An agent-brief generator can be scored on:

  • includes mission, boundaries, evidence, plan, report-back;
  • does not expose secrets;
  • names the right target;
  • avoids supervising out-of-scope autonomous work;
  • preserves the difference between read-only, dry-run, and mutating steps.

That is exactly the kind of problem DSPy is good at: turn "write a good brief" into a typed program with a metric. Then GEPA can improve the instructions by reflecting on concrete failures.

I have already been working in this direction with dspy-agent-skills. In Inside the examples: how GEPA lifted a 1.2B model by 25 points, the important lesson was not the score. It was the feedback shape. GEPA only works when the metric can explain what failed.

Fleet ops gives us that feedback naturally, if we preserve it.

The GEPA loop I want

The eventual loop looks like this:

real ops run
  -> structured report
  -> example row
  -> DSPy program prediction
  -> rich-feedback metric
  -> GEPA optimized candidate
  -> shadow evaluation beside current rules
  -> promotion into skill, policy, or code

The promotion step matters.

If the optimized program learns a better explanation pattern, that should probably become a skill update. If it learns a stable transition rule, that may become code plus tests. If it learns a better checklist, it belongs in a runbook. The optimizer should not become an untouchable blob at the center of ops.

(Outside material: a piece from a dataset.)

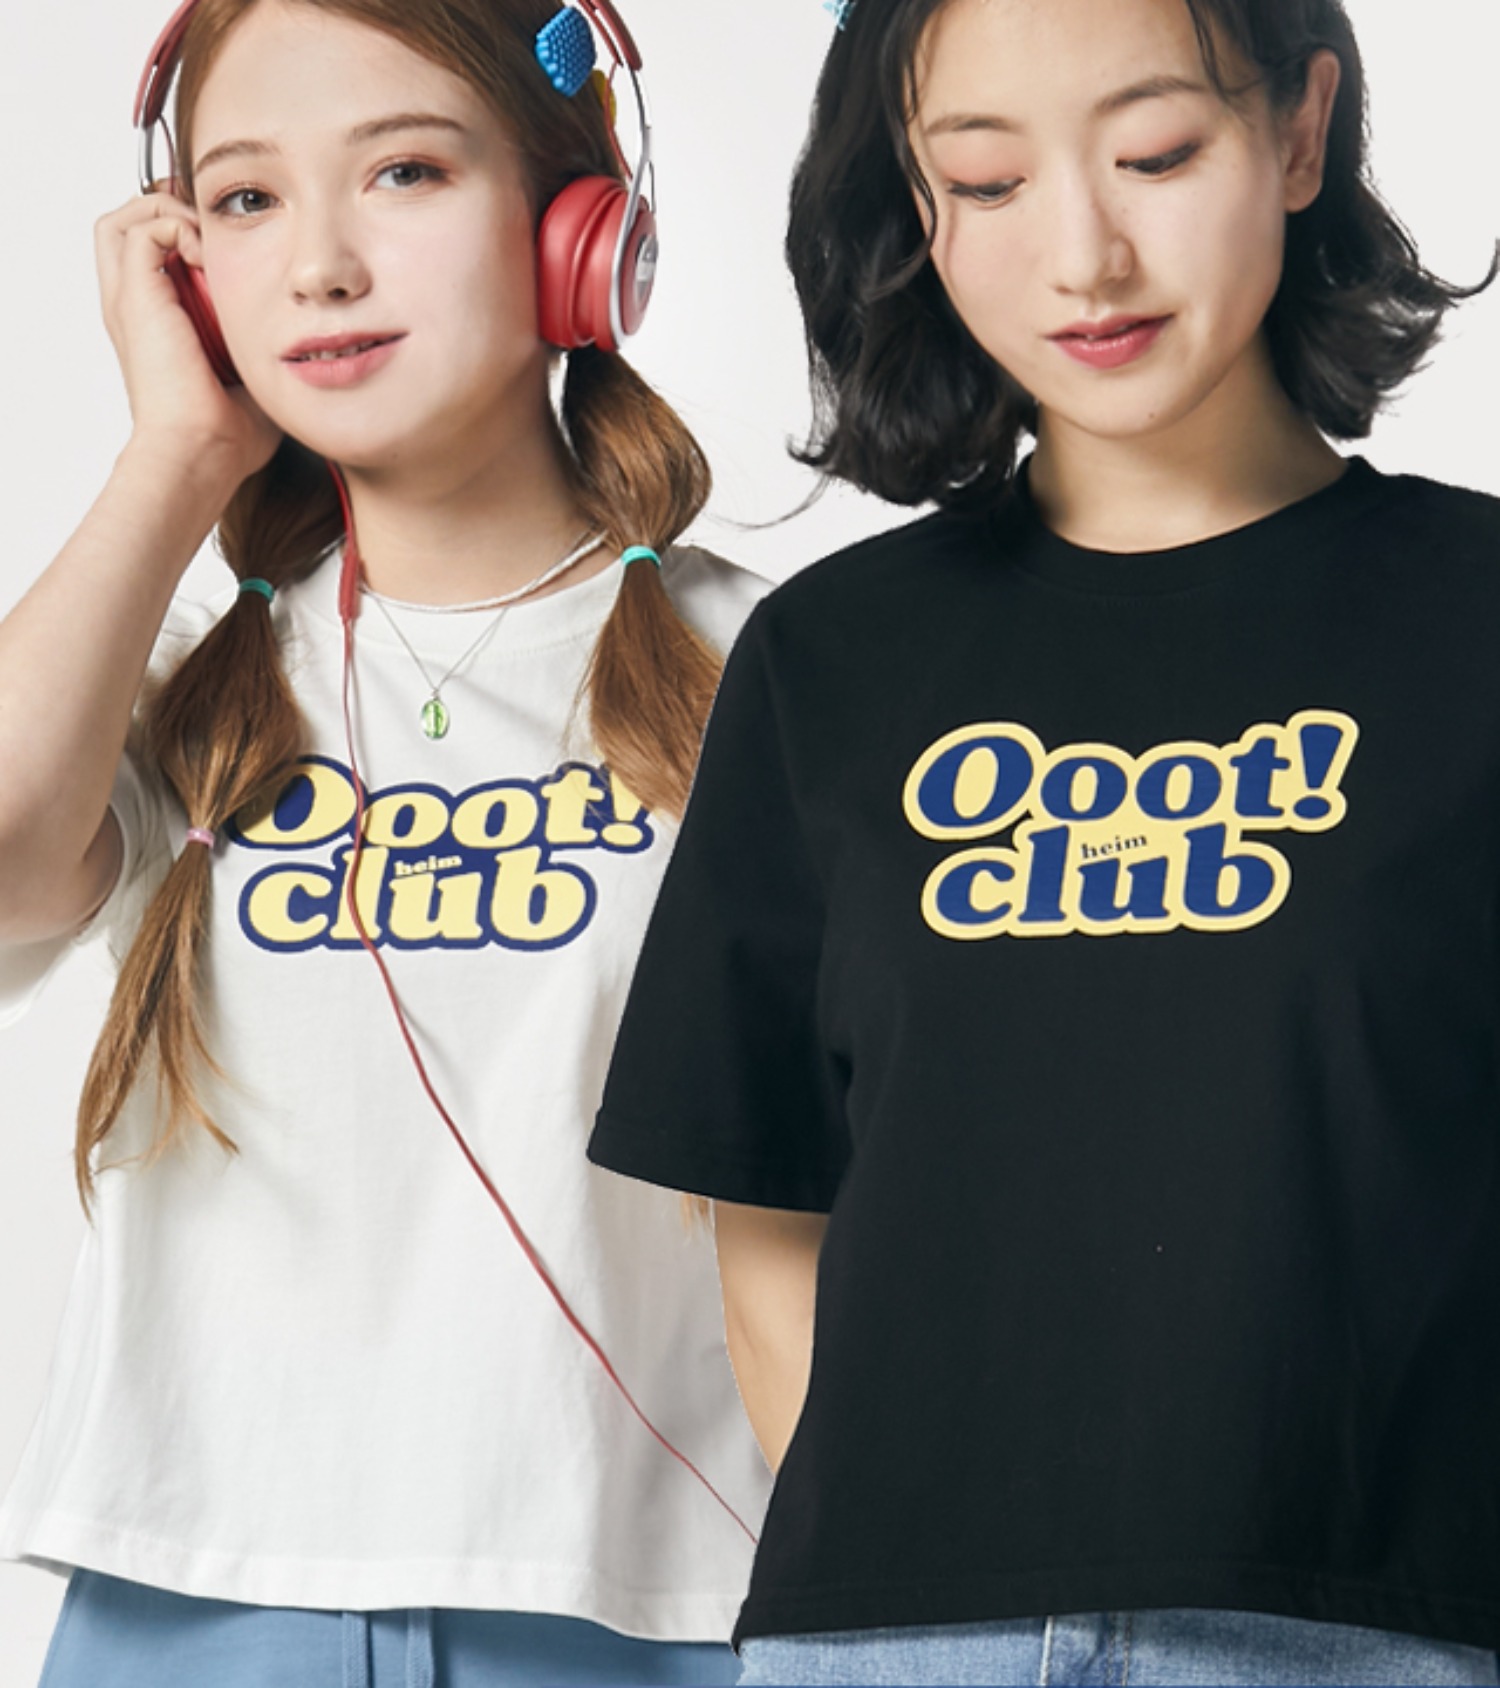 [SET] MIDDLE OOOTCLUB LOGO CROP T-SHIRT - by HEIM

I want the control plane to learn, but I also want the learning to become inspectable artifacts.

This is where "self-improving" can be made less mystical. The system observes real operations, extracts examples, optimizes a judgment module, proves it in shadow mode, and then lands the useful behavior in the repo.

Why not start fully autonomous?

Because "fully autonomous" is a bad first milestone.

The current system can already keep reports fresh, surface drift, generate update contracts, prepare agent briefs, and tell me the next safe step. It can also avoid doing the wrong thing. That is enough autonomy to be useful.

I would rather have a conservative runner that never silently crosses an authorization boundary than a flashy one that sometimes does.

The plan is to expand autonomy through policy gates:

  • unattended read-only monitoring;
  • unattended cache/index refresh;
  • unattended dry-run contract generation;
  • approval-gated executor dry-runs;
  • explicit-authorized mutation;
  • eventually, narrow unattended mutation for low-risk classes after enough evidence.

Each step needs reports, tests, rollback stories, and postchecks.

What gets open sourced

The current private repo is not the product.

The future public artifact should be a scrubbed framework:

  • fleet registry schema;
  • status vocabulary;
  • report JSON contracts;
  • systemd and launchd scheduler templates;
  • task queue envelope;
  • mutation policy examples;
  • skills for fleet ops, update readiness, action contracts, task queues, and self-improvement loops;
  • DSPy/GEPA examples trained on sanitized ops scenarios.

The goal is not to sell "my exact fleet." It is to give people a working pattern for their own agent fleets.

If you run one coding agent, this may sound overbuilt. If you run several strong agents across machines, it starts to feel like table stakes.

Where this goes next

The next private milestones are straightforward:

  • create current update-action contracts for the drifted fleet;
  • keep the runner green and fast;
  • turn repeated incidents into eval rows;
  • build the first DSPy classifier for ops triage;
  • run GEPA on real examples;
  • compare the optimized judgment module against the current deterministic rules in shadow mode.

When that loop works, the launch series gets more interesting. Then I can write with outcomes: what GEPA improved, what it failed to improve, which skills changed, and which parts of agent ops should stay deterministic forever.

For now, the thing I am happiest about is smaller:

make fleet-today

Four devices. Typed state. One next action each.

That is not the end state of autonomous agent operations. It is a good beginning.